Look, it’s been a pretty shitty year for fans of Red Sox baseball and fans of doing cool shit in general. We can’t cram our asses into Fenway’s narrow seats. We can’t pack into bars to watch games on big screens. We can’t take off our pants and roll around on the sidewalks of Allston (actually, we can do that last one, I just don’t recommend it). And the sad truth is that despite the parade of vaccines promising to bring us back to some sense of “normalcy,” we don’t know when or if we’ll ever get the life we had back. Christ, for all we know, COVIDs 20, 21 and 22 are waiting in the wings, ready to ruin all our Sundays.
But that said, there are still a lot of things to be thankful for. And thinking about them is pretty much the only thing keeping me from a whiskey-induced coma.
So with that, in no particular order, I’m thankful for:
The 2004 Red Sox. For doing what I was one-hundred percent convinced I would never see in my lifetime.
The 2013 Red Sox. The 2004 team will always be The Team, but damned if the 2013 team doesn’t come within percentage points for ownership of my heart and brain.

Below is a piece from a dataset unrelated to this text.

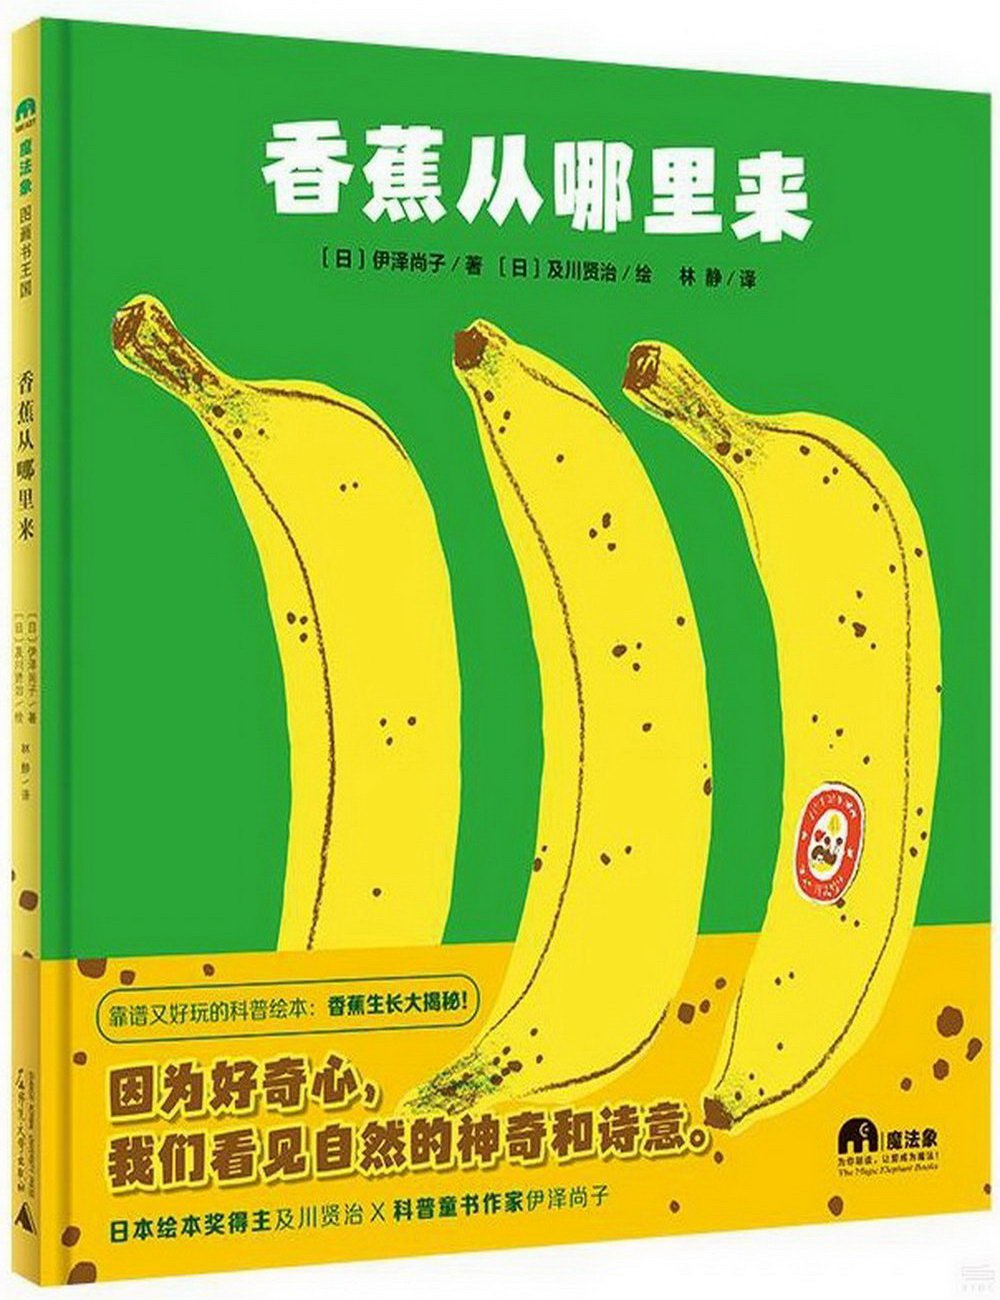 香蕉從哪裡來

In a year that Boston needed something good to cling to, this hillbilly-looking bunch took us over the top (and literally over Fenway’s bullpen fence).
The 2007 Red Sox.
The 2018 Red Sox.
The fact that David Ortiz and Manny Ramirez were in the same line-up.
The Jon Lester no-hitter at Fenway.
The Empire Strikes Back.
Every second of games four through seven of the 2004 ALCS.
That John Lackey saved all his magic for October 2013.
That the Indians tried to piss off Josh Beckett in the 2007 ALCS.
Ana de Armas.
That my father got to see the Red Sox win it all.
Watching Xander Bogaerts evolve from fresh-faced rookie tearing it up in the 2013 postseason to the face of the team.
That the Red Sox took Mike Lowell’s contract off the Marlins’ books in 2005.
That I was dead-ass wrong that the Red Sox should have never taken Mike Lowell’s contract off the Marlins’ books in 2005.
That I was equally wrong when I tweeted this.
All of the insane magic that Pedro Martinez conjured in a Red Sox uniform and that we mere mortals got to witness it.
The sound that Mark Bellhorn’s home run in game one of the 2004 World Series made as it clanged off Pesky’s Pole.
Tim Wakefield’s knuckleball.
That Alex Cora is back and the Red Sox are going to win the 2021 World Series.
That there are still some of you out there who’ve continued to read this alcohol-induced content since the site was launched in 2004. For the Real Ones who’ve been there from the start and those who have come aboard along the way, I am eternally grateful.
That I was once part of a world where on any summer night I could get my ass from my house to Fenway in roughly 20 minutes (or three road Buds) to hang outside and hear the crowd roar or weasel my way inside to the cheap seats. Or I could motor down 95 to McCoy and catch a game for less than 10 bucks. After staring at empty ballparks this season, I’ll never, ever take it for granted again.
Did I mention Ana de Armas? Because yes.